§ **TASK DETAILS**: Only the lines below from the one that contains "Thumbnail image of" through the one that contains "through the Ross Sea" should appear in your answer, exact and without pictures.

§ **GIVEN INFORMATION**:
---------------
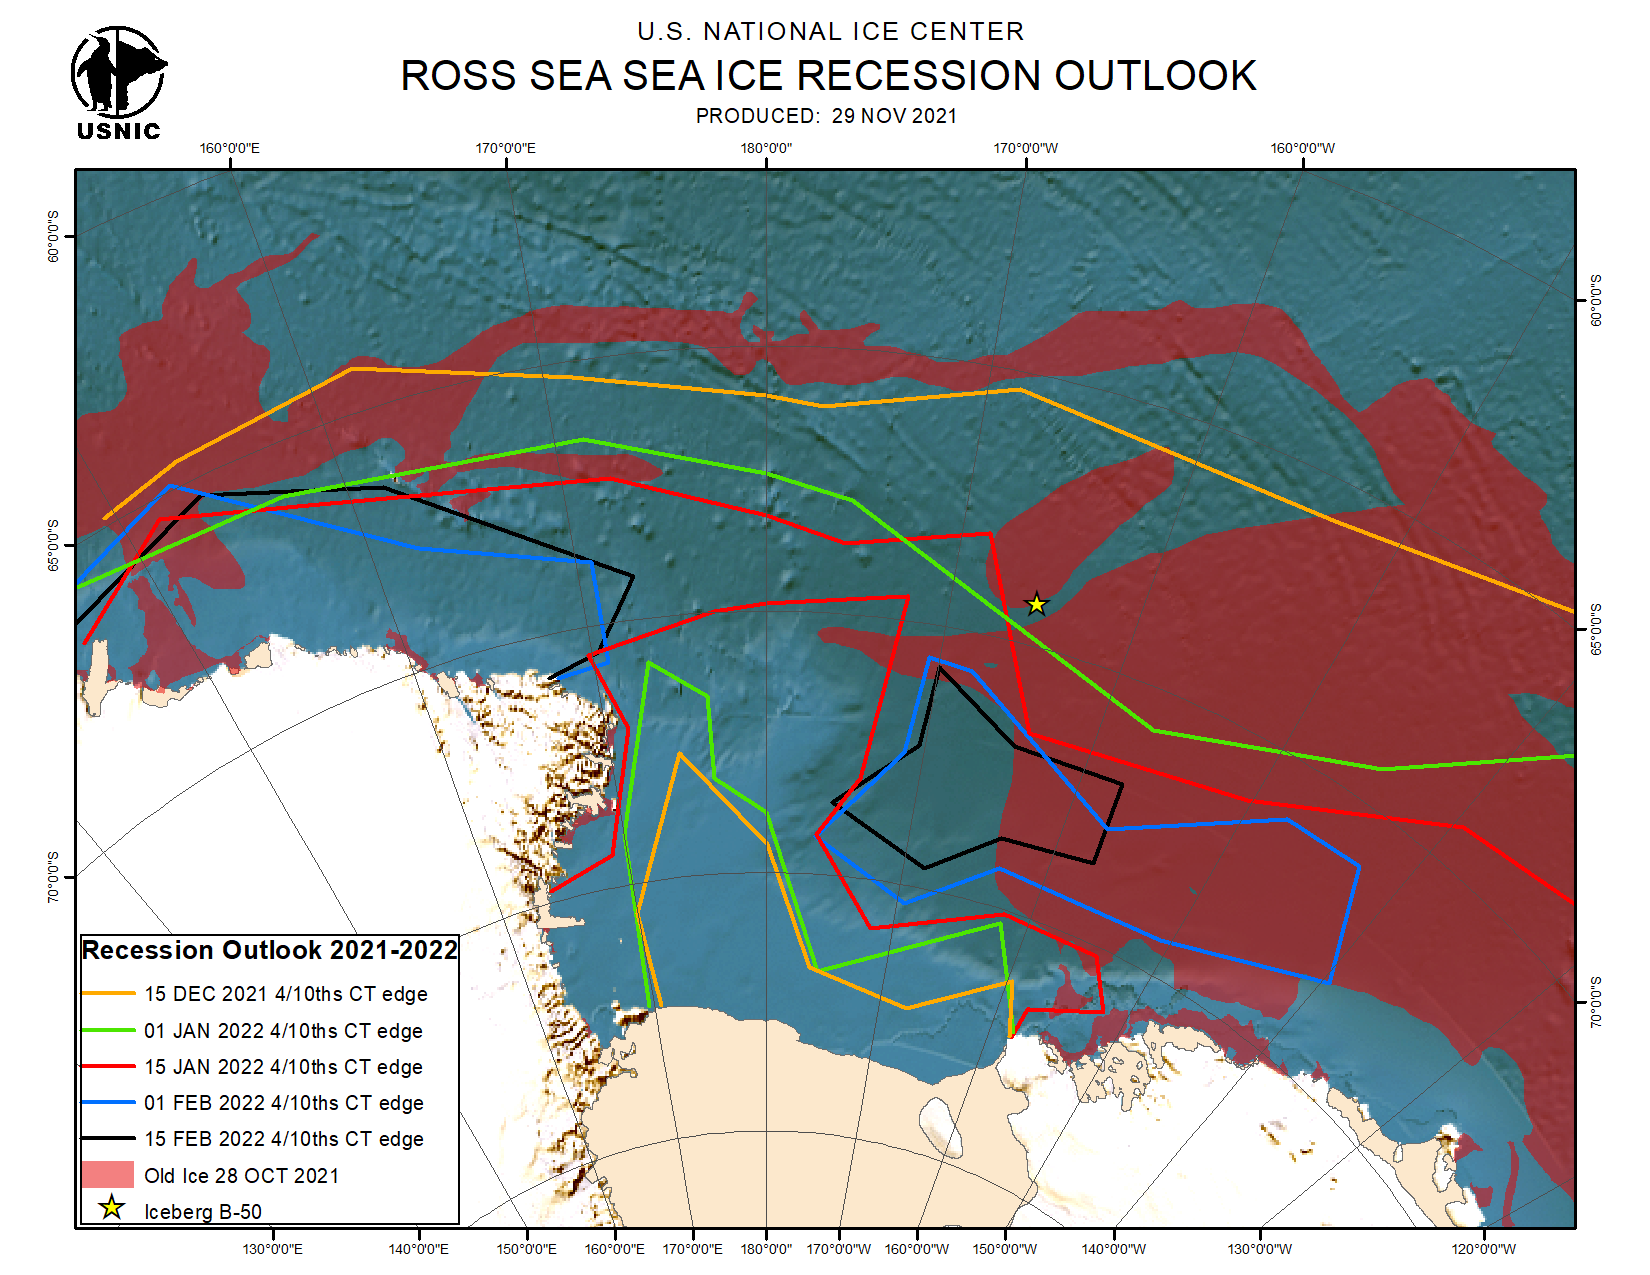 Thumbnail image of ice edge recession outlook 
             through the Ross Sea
---------------
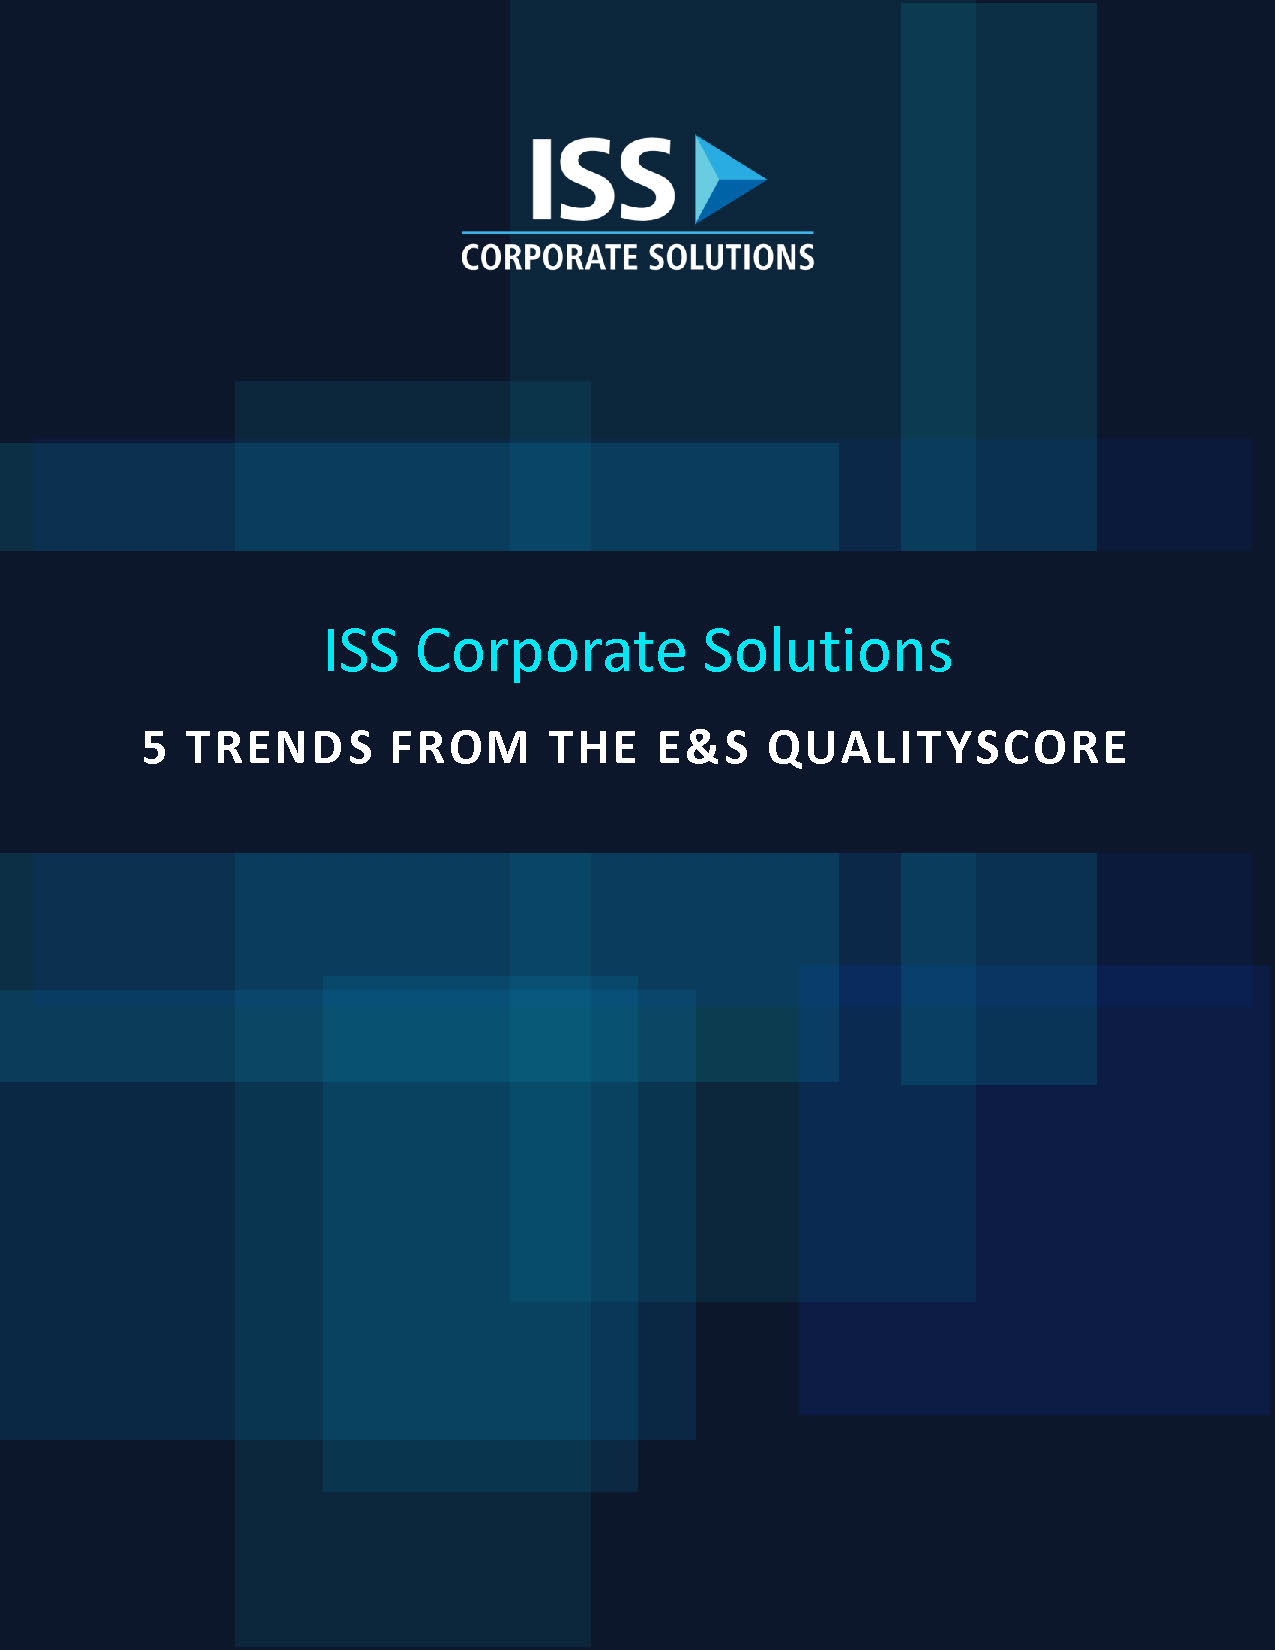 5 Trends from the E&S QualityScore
---------------
§ **RESPONSE TO THIS TASK**:
 Thumbnail image of ice edge recession outlook 
             through the Ross Sea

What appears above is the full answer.